The bold text refers to a vehicle that may be considered a potential "traffic hazard", like a truck carrying an unusually heavy/oversized load, and how it could warn others using flashing lights.
Oops...I didn't pay a lot of attention to the wording. Through further research:

Section 32-5-242
Requirements as to head lamps and auxiliary driving lamps.
(a) Visibility distance and mounted height of lamps.
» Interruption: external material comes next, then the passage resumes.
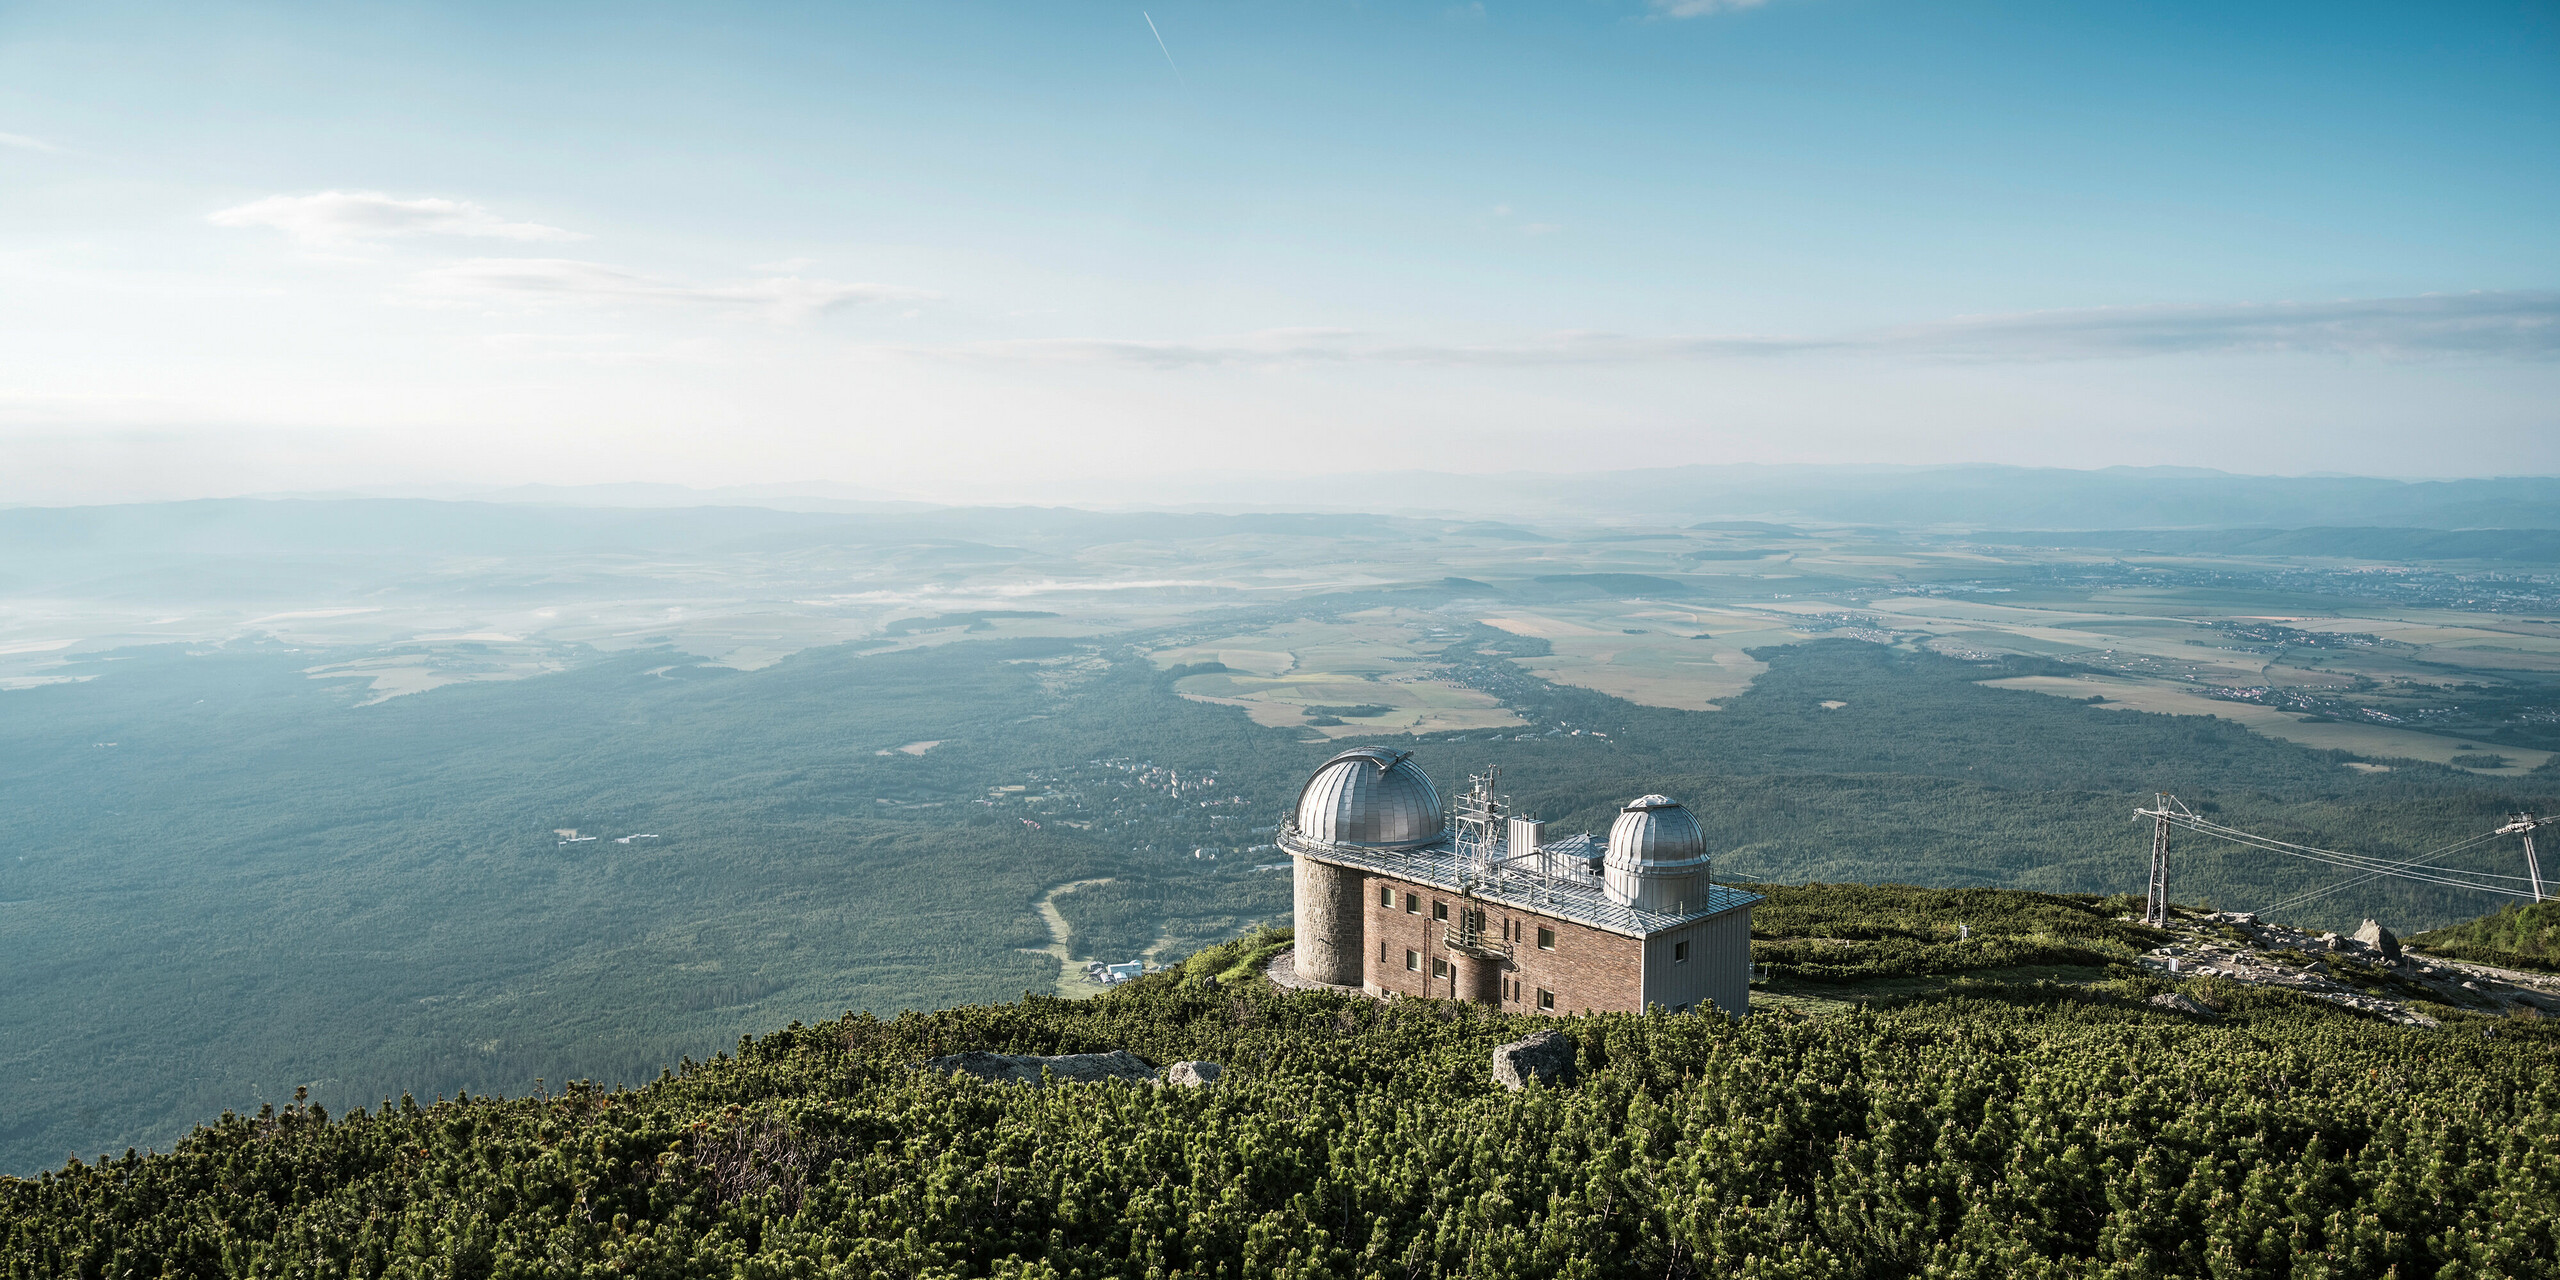 Atemberaubende Fernsicht auf die Sternwarte Skalnaty Pleso, gelegen in 1.783 m Höhe über dem Meeresspiegel, umgeben von der ruhigen Pracht der Hohen Tatra in der Slowakei. Die beiden charakteristischen Kuppeln, bedeckt mit glänzendem PREFALZ in Silbermetallic, reflektieren die Weite des Himmels und harmonieren mit der natürlichen Umgebung. Das Observatorium steht nicht nur für astronomische Exzellenz, sondern auch für die Beständigkeit und ökologische Stärke von PREFA, dessen Aluminiumprodukte selbst in dieser entlegenen Höhe Schutz und Beständigkeit bieten, was durch eine umfassende 40-jährige Garantie bekräftigt wird.

(1) Whenever requirement is hereinafter declared as to the distance from which certain lamps and devices shall render objects visible or within which such lamps or devices shall be visible, said provisions shall apply during the times stated in Section 32-5-240 in respect to a vehicle without load when upon a straight, level, unlighted highway under normal atmospheric conditions unless a different time or condition is expressly stated.

(2) Whenever requirement is hereinafter declared as to the mounted height of lamps or devices it shall mean from the center of such lamp or device to the level ground upon which the vehicle stands when such vehicle is without a load.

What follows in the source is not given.